Chocolate For V Day? Don’t Turn V Day Into D Day!

Author: Shannon Miller

Valentine's Day Chocolates

Chocolate is a health food?   Hooray! 

Wait a minute…that huge box of chocolates from a Valentine Sweetheart may not be exactly health food. Take a step back and let’s see how to do chocolate the healthy way.

Where does chocolate come from?

First of all, not all chocolates are created equal. Where they originate may be somewhat equal. Chocolate comes from the cocoa plant. Cocoa is harvested and then manufactured in many ways. The plant itself is very healthy. Cocoa beans when eaten plain are powerful antioxidants.

What is an antioxidant?

Flavenols, the most powerful of the flavenoids, exist in the bean. Flavenols are antioxidants that exist in this and other plants that help protect the plant from dangerous environmental toxins. When ingested in the human body, the flavenols will, in effect, protect the human from toxins as well. The antioxidant has an extra electron that will attach itself to a harmful molecule and then neutralize it before it can break down the structure of the host being. These harmful molecules are called free radicals. The free radicals are broken molecules in search of a host. When they find a host, they can cause disease or bodily destruction (imagine your skin in contact with a free radical, and imagine the skin damage that can occur over time).

Examples of free radicals are:

  • smoke
  • environmental pollutants
  • unhealthy foods

Foods rich in antioxidants, such as plants rich in flavenols, can combat these free radicals and keep the body healthier for a longer period of time, based on research in nations and populations whose diets are full of antioxidant-rich foods. Not only that, but it appears that antioxidant-rich foods can help heal a previously unhealthy body tissue., especially in repair of the heart and arteries. A study by the Catholic Universtiy of Campobasso shows that a society that consumes a moderate amount of dark chocolate is far less likely to have hardening of arteries and heart disease. (Science Daily, Sept. 23, 2008)

What other benefits are there to chocolate?

Chocolate is known to release dopamine in the brain, the feel good hormone. Exercise, laughter, and affection are other ways to increase dopamine.

What kind of chocolate should I have?

Back to that heart of chocolate that is staring you down the day after Valentine’s Day. Though the original cocoa plant was an antioxidant powerhouse, it went through a lot of processes before making it to your candy dish. The cocoa bean is horribly bitter, as can be attested by anyone who scooped in to Mom’s baking cocoa can, only to be spitting and begging for milk a moment later. In the process that Valentine chocolate went through, it could have been minimally processed and is probably still rather bitter and strong-tasting, or it was processed in to milk chocolate. There is very little of the original flavenol left in milk chocolate, and is health-wise practically pointless.

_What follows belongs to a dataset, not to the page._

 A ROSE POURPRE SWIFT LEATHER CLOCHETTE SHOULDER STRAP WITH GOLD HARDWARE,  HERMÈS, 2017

Next year, when your honey goes out for a last minute chocolate run for a forgotten Valentine’s gift, remind him that a healthy chocolate is at least 70% cacao, or 70% retained from the plant. Even a chocolate that looks dark may not have the true character of the original plant. Dark chocolates that are 70% cacao will release that information on the label.

How much is a serving?

Now, how much of that antioxidant-rich cacao dark chocolate is safe today? Looking at a regular sized chocolate bar, 1 square (1 ounce) of that bar is enough for one day. Yes, that is it. The cocoa plant is an unusual plant in its high calorie and fat content, so consuming too much of a good thing can create the opposite of the desired effect. Add the processing, which is usually more fat and sugar, and the opposite effect is compounded.

SML TIP:  Yes, chocolate can be a beautiful thing when one knows its worth and knows how to use this powerful tool.  Like all things, the beauty is in moderation.